Prerequisites
The student should have a solid knowledge of linear algebra and multivariable calculus. The student should also have knowledge of linear programming (including linear programming duality) and convex analysis to the level of being able to follow the text and do the exercises from:

  • Chapters 1 and 2 (including the exercises) from the book 'Linear Programming, A Concise Introduction, Thomas S. Ferguson' (https://www.math.ucla.edu/~tom/LP.pdf)
  • Exercises 2.1, 2.2, 2.12, 3.1, 3.3, 3.5, and 3.7 from the book 'Convex Optimization, Stephen Boyd and Lieven Vandenberghe' (http://stanford.edu/~boyd/cvxbook)

Aim of the course
Continuous optimization is the branch of optimization where we optimize a (differentiable) function over continuous (as opposed to discrete) variables. Here the variables can be constrained by (differentiable) equality and inequality constraints as well as by convex cone constraints. Optimization problems like this occur naturally and commonly in science and engineering and also occur as relaxations of discrete optimization problems. Differentiability of the functions defining the problems allows for the use of multivariable calculus and linear algebra techniques to study the problems and to design and analyze efficient algorithms.
In this course we study the theory, algorithms, and some applications of continuous optimization.

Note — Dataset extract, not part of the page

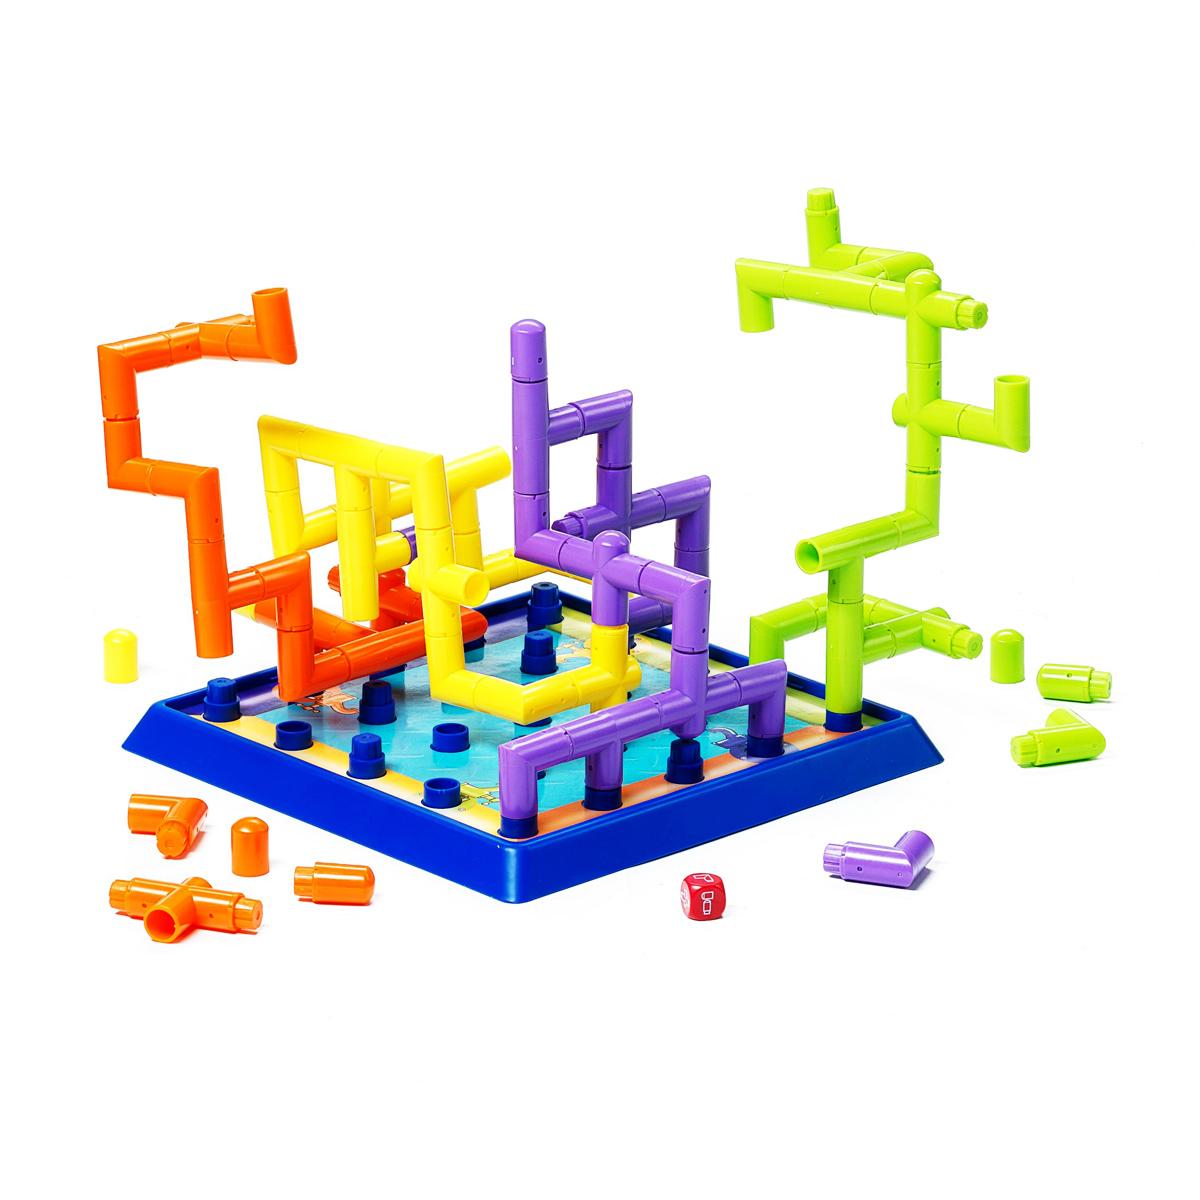 Настольная 3D-игра Bondibon Smartgames МагистральВВ0968Семейная стратегическая игра. Вам предстоит очень важная и ответственная работа: соединить элементы системы труб так, чтобы доставить некое уникальное вещество от его источника прямо на завод по производству универсальной волшебной жидкости. Трубы имеют разную форму, и придется поразмыслить в какую сторону направить свою магистраль, чтобы конкуренты не смогли помешать. Побеждает тот, кто первым завершит конструкцию, протянув магистраль от отправной точки до противоположной стороны игрового поля. Прекрасные надежные пластмассовые конструкции ярких цветов прослужат долго и смогут не раз воплощать смелые технические решения даже самых юных инженеров. В комплект игры входят: игровое поле, 64 элемента для построения магистрали и кубик. Характеристики: размер игрового поля: 23,5 см х 24 см х 2,5 Количество игроков: от 1 человека. Размер упаковки: 24 см х 24 см х 6 см.

In the theory part we discuss convexity, Lagrangian duality, optimality conditions, conic programming, and an application in information theory. In the algorithmic part we discuss derivative free methods, first order optimization methods, neural networks/supervised learning, second order optimization methods, interior point methods, and support vector machines. For some of these algorithms we discuss the convergence analysis.

Lecturer
David de Laat (TU Delft)